# Stanford CS236: Deep Generative Models I 2023 I Lecture 13 - Score Based Models

06 May 2024 (4 months ago)

## Score-based models

• Score-based models, also known as diffusion models, are a state-of-the-art class of generative models for continuous data modalities like images, videos, speech, and audio.
• Unlike likelihood-based models that work with probability density functions, score-based models focus on the gradient of the log density, known as the score function.
• Score-based models offer an alternative interpretation of probability distributions by representing them as vector fields or gradients, which can be computationally advantageous.
• Score-based models address the challenge of normalization by modeling data using the score instead of the density, allowing for more flexible parameterizations without strict normalization constraints.

## Score matching

• Score matching is a technique used to train energy-based models by fitting the model's score function to match the score function of the data distribution.
• The Fisher Divergence, which measures the difference between two probability distributions, can be rewritten in terms of the score function, enabling efficient optimization without computing the partition function.
• Score matching can be applied to a wide range of model families beyond energy-based models, as long as the gradient of the log density with respect to the input can be computed.
• Score matching directly models the gradients (scores) rather than the likelihood, and it does not involve a normalization constant or latent variables.
• The term "scores" is used in the literature and for loss functions like the Fisher score, hence the name "score matching."
• Score matching aims to estimate the gradient of the data distribution to model the data.
• The Fisher divergence is used to measure the difference between the true and estimated vector fields of gradients.
• Minimizing the Fisher divergence as a function of theta is a reasonable learning objective.

## Denoising score matching

• Denoising score matching is an approach to address the computational challenges of score matching by estimating the gradient of data perturbed with noise.
• Denoising score matching is computationally more efficient, especially when the noise level is relatively small.
• The speaker introduces a method to approximate the score of a data density perturbed with noise, denoted as Q Sigma.
• This approximation is achieved by replacing the Fisher Divergence between the model and the data with the Fisher Divergence between the model and the noise-perturbed data density.
• The key idea is that when the noise level Sigma is small, the noise-perturbed data density Q Sigma is close to the original data density, making the estimated scores similar.
• The resulting algorithm involves sampling data points, adding Gaussian noise, and estimating the denoising score matching loss based on the mini-batch.

## Noising score matching

• Noising score matching is a technique used in generative modeling.
• It involves adding noise to data points and training a model to estimate the noise.
• The goal is to minimize the loss between the estimated noise and the actual noise.
• This approach is scalable and easier to implement compared to directly modeling the distribution of clean data.
• Noising score matching is equivalent to minimizing the original loss function up to a constant.
• The optimal denoising strategy involves following the gradient of the perturbed log-likelihood.
• The technique is applicable to various noise distributions as long as the gradient can be computed.

## Sliced score matching

• Random projections can be used to efficiently approximate the regional score matching loss.
• Sliced Fisher Divergence is a variant of the Fisher Divergence that involves Jacobian Vector products, which can be efficiently estimated using backpropagation.
• The projection operation is a dot product between the data and model gradients projected along a random direction.
• Biasing the projections towards certain directions does not seem to make a significant difference in practice.
• Sliced versions of score matching are constant with respect to the data dimension and perform similarly to exact score matching.
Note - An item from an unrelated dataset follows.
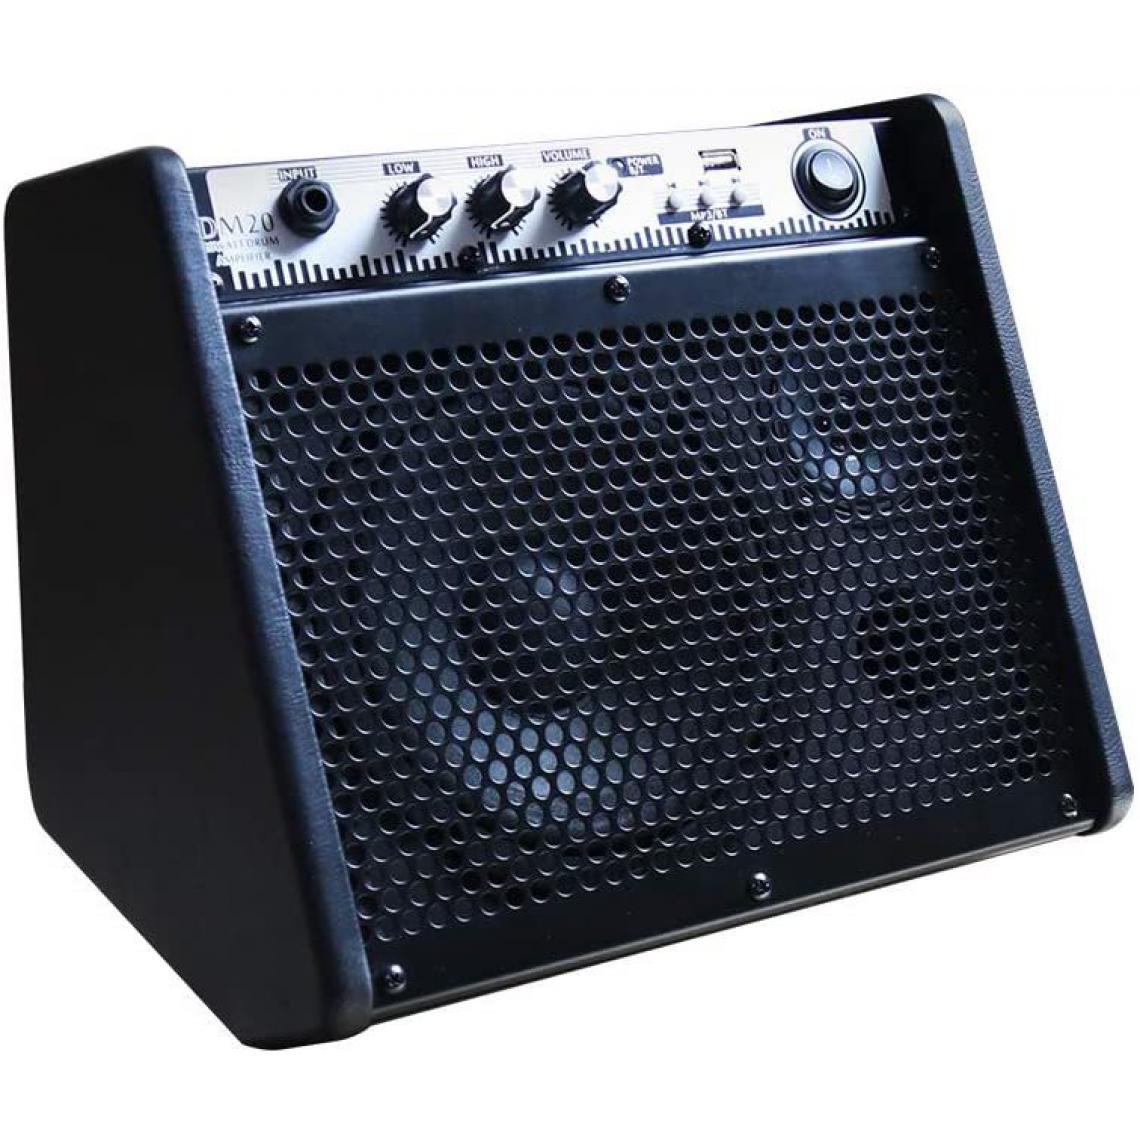 Chrono - Haut-parleur amplificateur de moniteur personnel Bluetooth Coolmusic DM20 pour amplificateurs de batterie électrique, clavier et guitare acoustique (20W)(Noir) - Enceintes Hifi

## Inference in diffusion models

• Inference in diffusion models can be done by following the gradient of the log probability density or using Markov Chain Monte Carlo (MCMC) methods.
• Lyapunov dynamics sampling is a method for generating samples from a density using the estimated gradient.
• Lyapunov dynamics sampling is a valid Markov chain Monte Carlo (MCMC) procedure in the limit of small step sizes and an infinite number of steps.
• Real-world data tends to lie on low-dimensional manifolds, which can cause problems for Lyapunov dynamics sampling.
• Diffusion models provide a way to fix this problem by estimating these scores more accurately all over the space and getting better guidance.